## What you need to do
Find the line below with "Kindred Spirits - Endurance" and the line with "CIOR 3rd Upgraded". Output exactly those lines and everything between them, leaving out the pictures.

==== Records to use

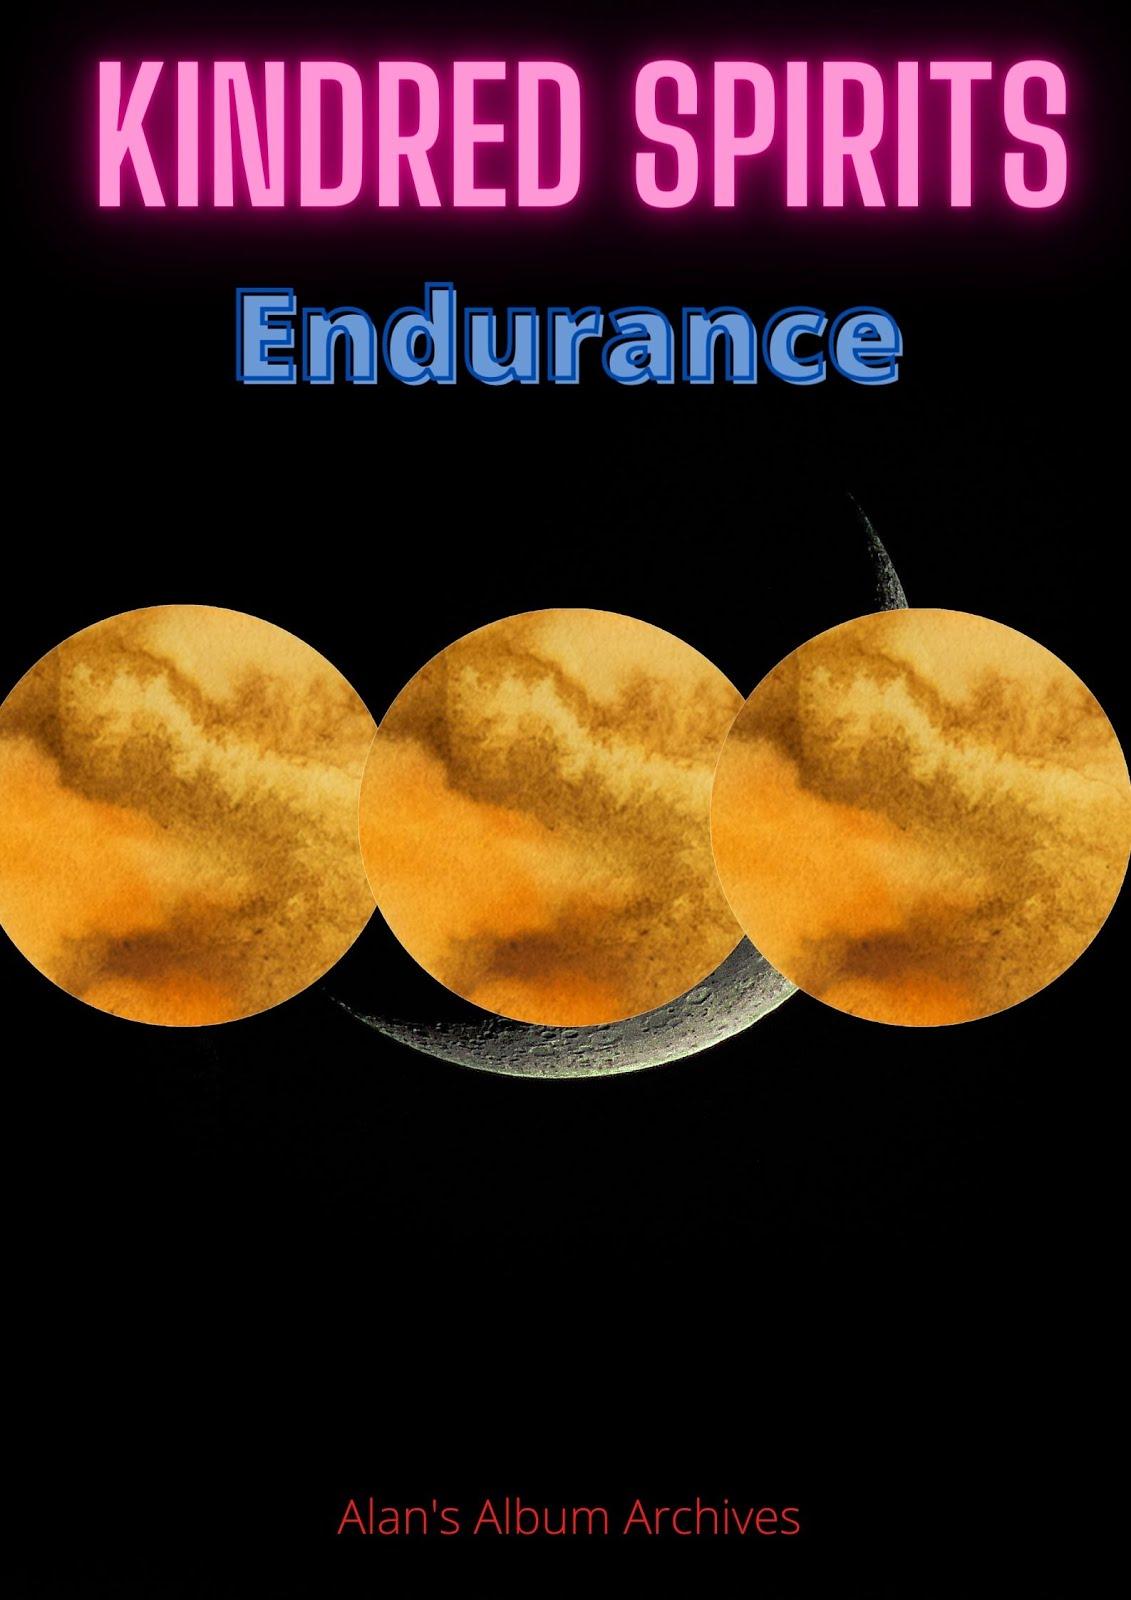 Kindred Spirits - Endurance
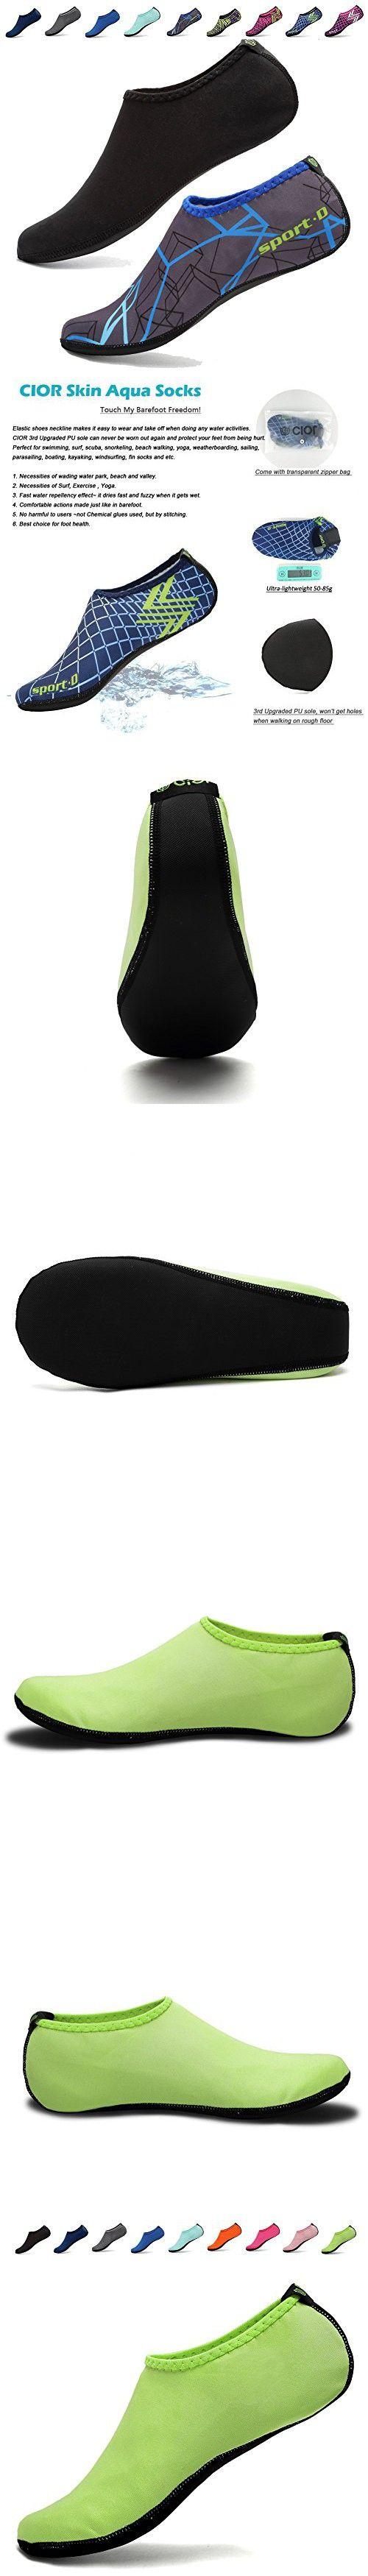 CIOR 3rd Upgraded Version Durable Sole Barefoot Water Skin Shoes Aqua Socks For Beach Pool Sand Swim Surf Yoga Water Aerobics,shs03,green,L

========
==== Records to use

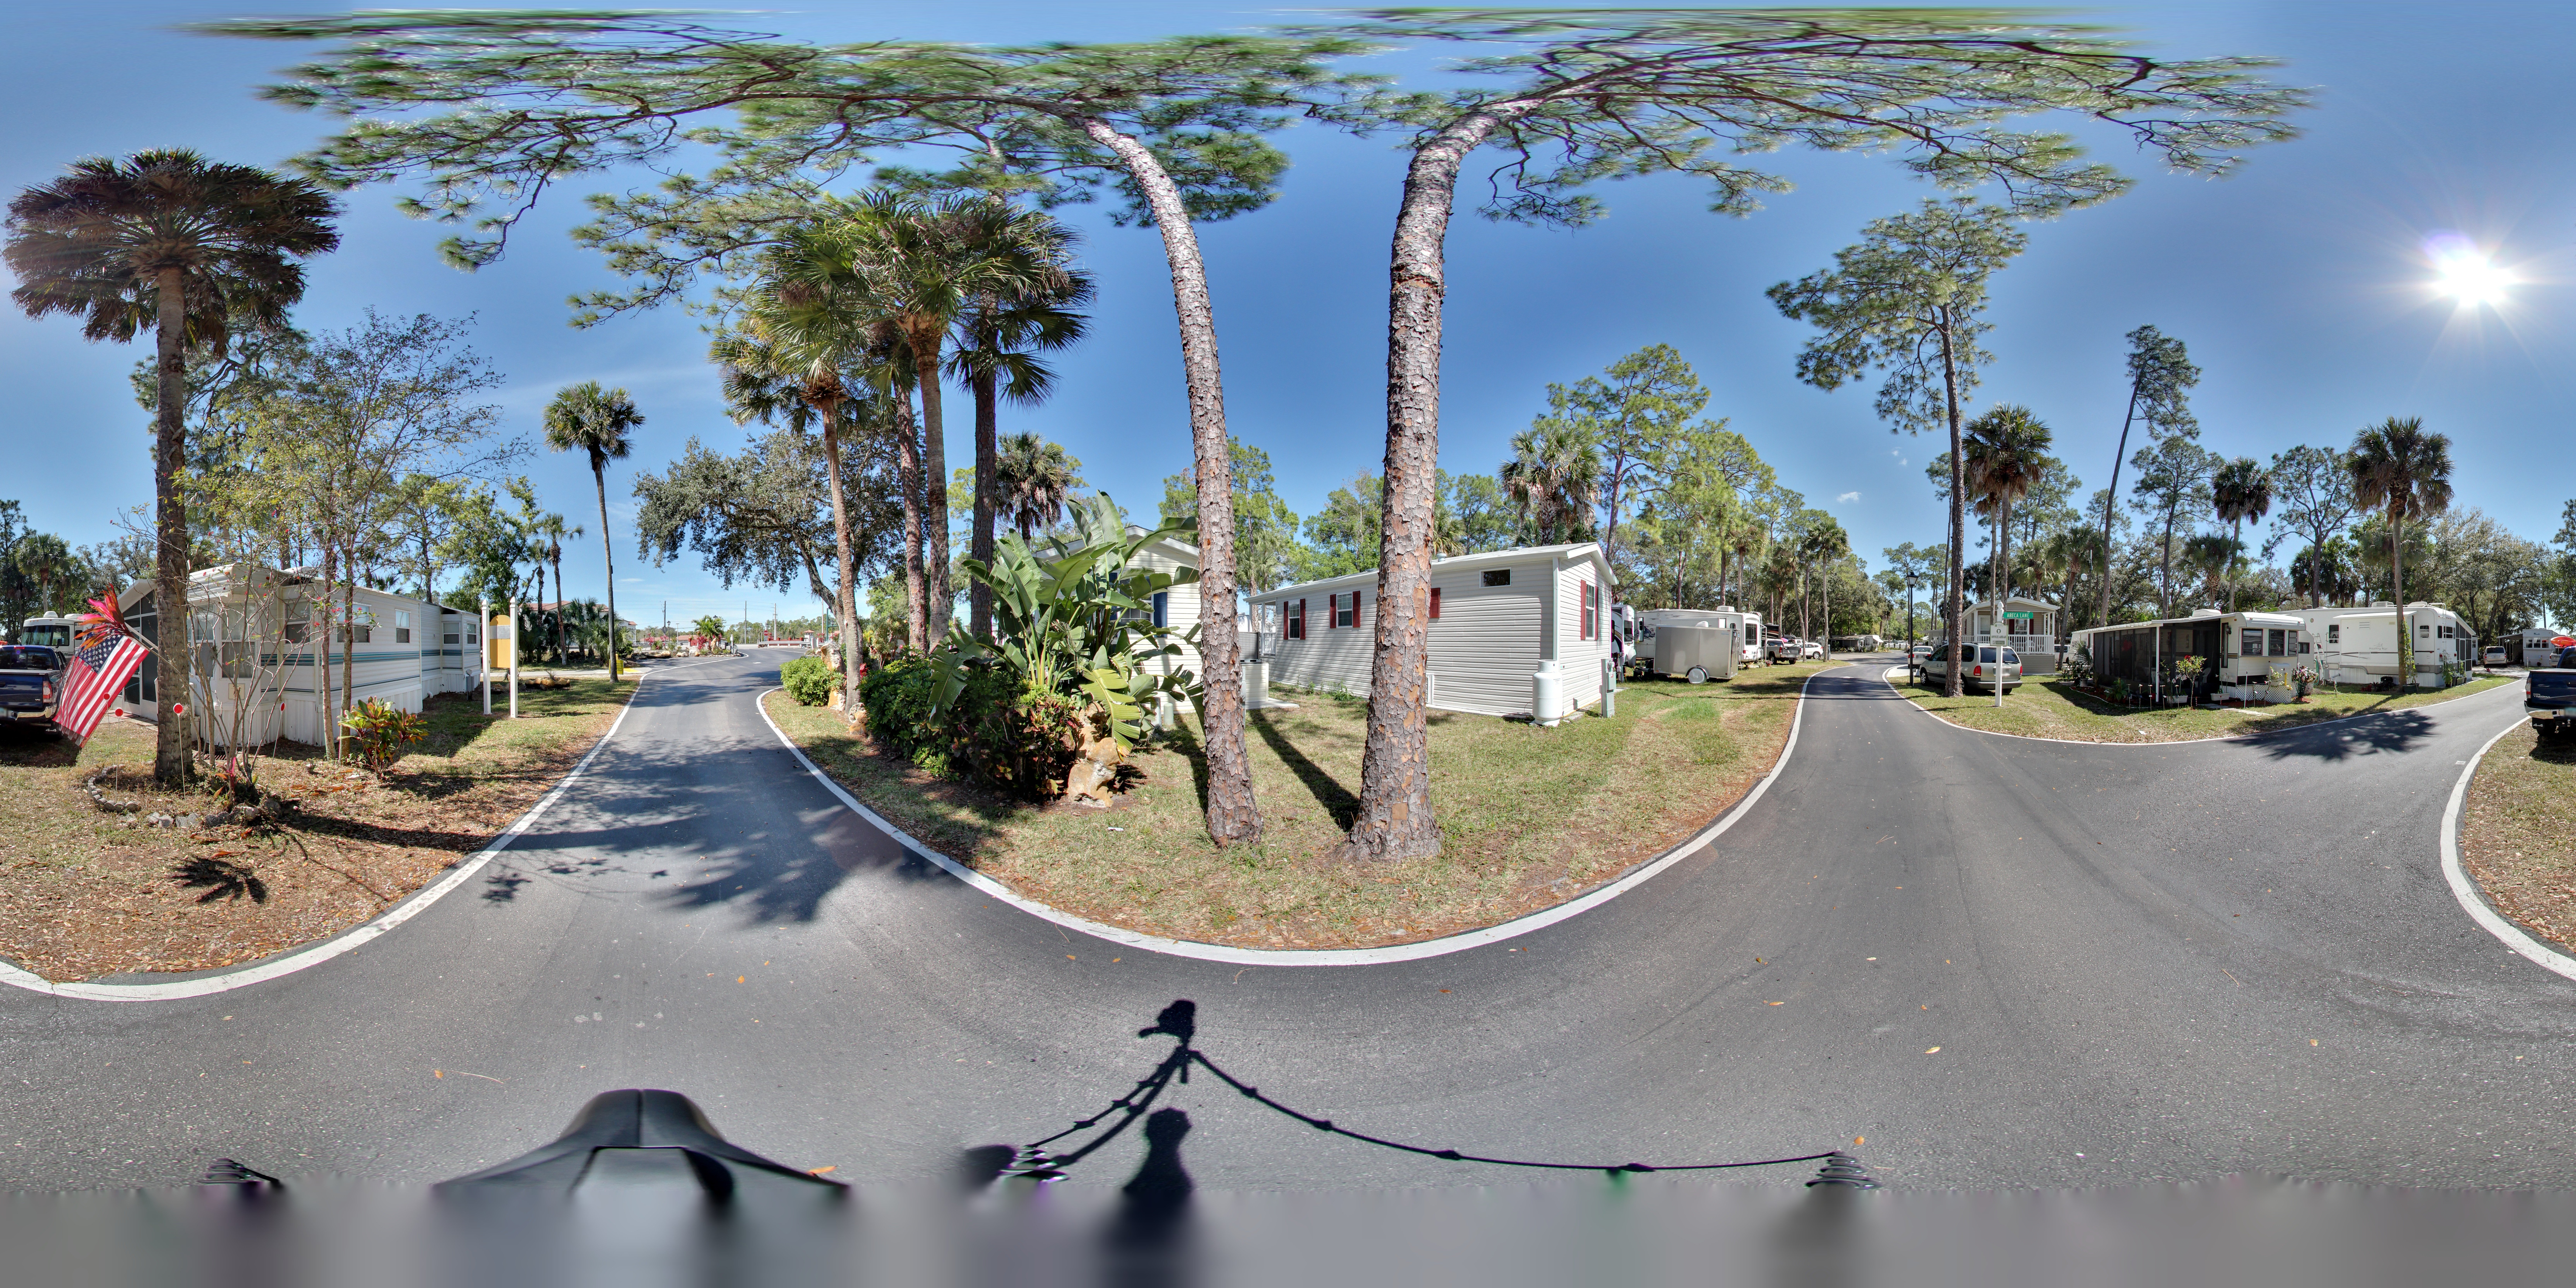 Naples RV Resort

========

## Result for this exercise
 Kindred Spirits - Endurance
 CIOR 3rd Upgraded Version Durable Sole Barefoot Water Skin Shoes Aqua Socks For Beach Pool Sand Swim Surf Yoga Water Aerobics,shs03,green,L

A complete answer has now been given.